AttributeError Traceback (most recent call last)
----> 1 from fastai.text import *
2 import html
/usr/local/lib/python3.6/dist-packages/fastai/text.py in ()
----> 1 from .core import *
2 from .learner import *
3 from .lm_rnn import *
4 from torch.utils.data.sampler import Sampler
5 import spacy
/usr/local/lib/python3.6/dist-packages/fastai/core.py in ()
----> 1 from .imports import *
2 from .torch_imports import *
4 def sum_geom(a,r,n): return an if r==1 else math.ceil(a(1-r**n)/(1-r))
/usr/local/lib/python3.6/dist-packages/fastai/imports.py in ()
3 import pandas as pd, pickle, sys, itertools, string, sys, re, datetime, time, shutil, copy
4 import seaborn as sns, matplotlib
----> 5 import IPython, graphviz, sklearn_pandas, sklearn, warnings, pdb
6 import contextlib
7 from abc import abstractmethod
/usr/local/lib/python3.6/dist-packages/sklearn_pandas/init.py in ()
1 version = ‘1.6.0’
----> 3 from .dataframe_mapper import DataFrameMapper # NOQA
4 from .cross_validation import cross_val_score, GridSearchCV, RandomizedSearchCV # NOQA
5 from .categorical_imputer import CategoricalImputer # NOQA
/usr/local/lib/python3.6/dist-packages/sklearn_pandas/dataframe_mapper.py in ()
5 import numpy as np
6 from scipy import sparse
----> 7 from sklearn.base import BaseEstimator, TransformerMixin
9 from .cross_validation import DataWrapper
/usr/local/lib/python3.6/dist-packages/sklearn/init.py in ()
133 from . import __check_build
–> 134 from .base import clone
135 __check_build # avoid flakes unused variable error
/usr/local/lib/python3.6/dist-packages/sklearn/base.py in ()
11 from scipy import sparse
12 from .externals import six
—> 13 from .utils.fixes import signature
14 from . import version
/usr/local/lib/python3.6/dist-packages/sklearn/utils/init.py in ()

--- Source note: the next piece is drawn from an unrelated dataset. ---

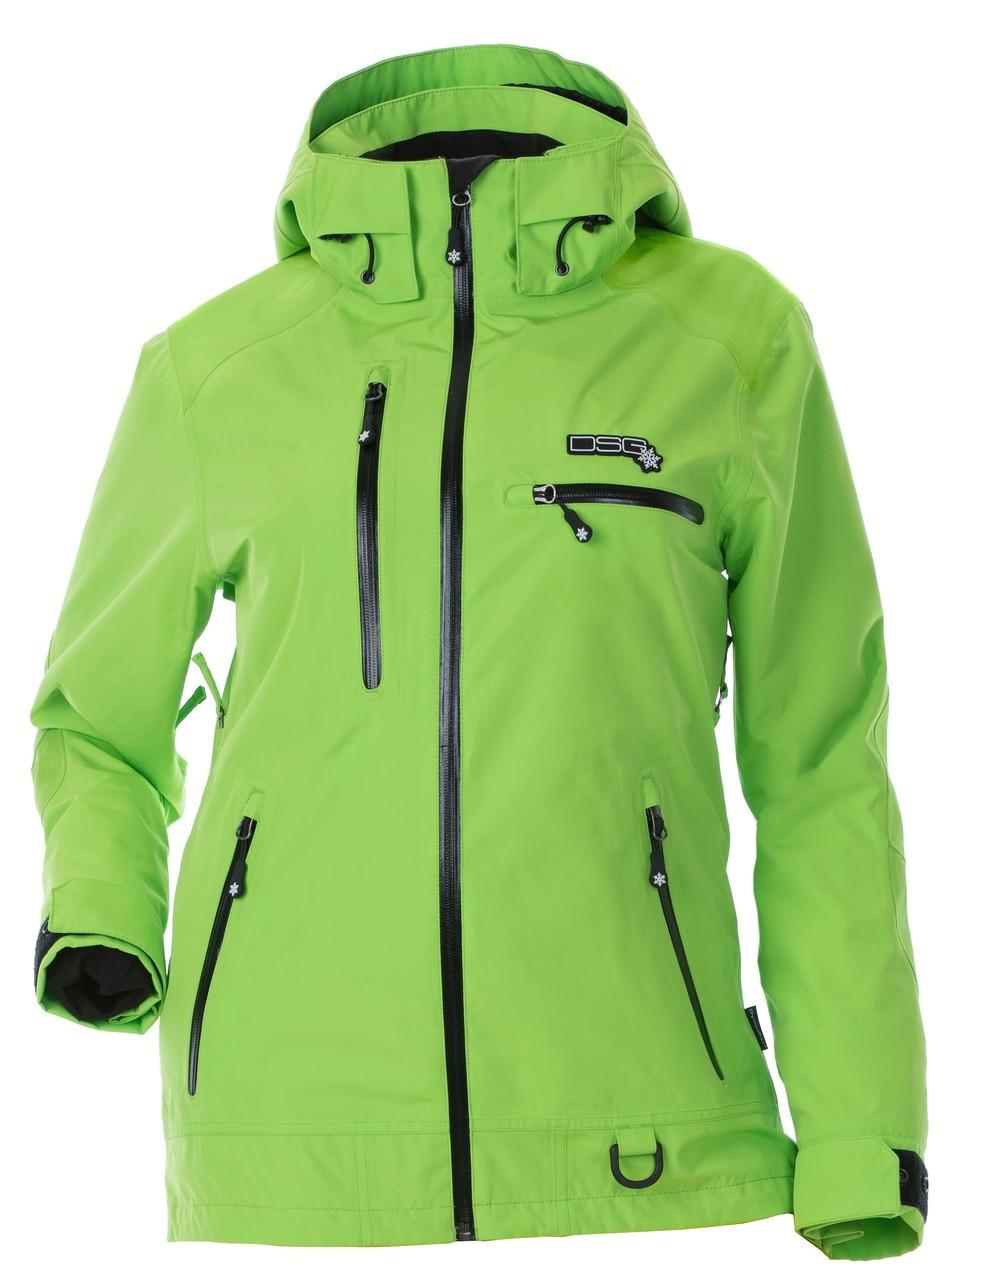 3385854e51049 Prizm Green Technical Jacket | Women's Green Snowmobile Jacket

10 from .murmurhash import murmurhash3_32
—> 11 from .validation import (as_float_array,
13 check_random_state, column_or_1d, check_array,
/usr/local/lib/python3.6/dist-packages/sklearn/utils/validation.py in ()
14 import numpy as np
—> 15 import scipy.sparse as sp
17 from …externals import six
AttributeError: module ‘scipy’ has no attribute ‘sparse’
Is it me or the files are no longer existing at files.fast.ai?
To me, the files are still there.
Thanks they’re back online now
Is there a definitive answer to this question anywhere?
Based on the ULMFiT paper, the recommendation is to fine-tune “only the last layer” (section 3.2) before unfreezing and applying discriminative learning rates to the other layers. As such, why is there the line
learner.unfreeze() immediately before fitting the model begins? It seems that it should be
learner.freeze(-1) unless I’m missing something (which is typically the case )
Hey Christine, I’m starting to take a look at something similar and I’m curious what your results were here?
I thought it was a typo but didn’t get round to reporting it, i do the same with just unfreezing final layer
Did you have any luck with this? Can you not simply add more classes?
Hi - Unfortunately I wasn’t able to get better results with the different losses. (I got everything up and running, but the accuracy was always less good.) I’m sure I didn’t exhaust every possibility though, so let me know if you have better success than I did!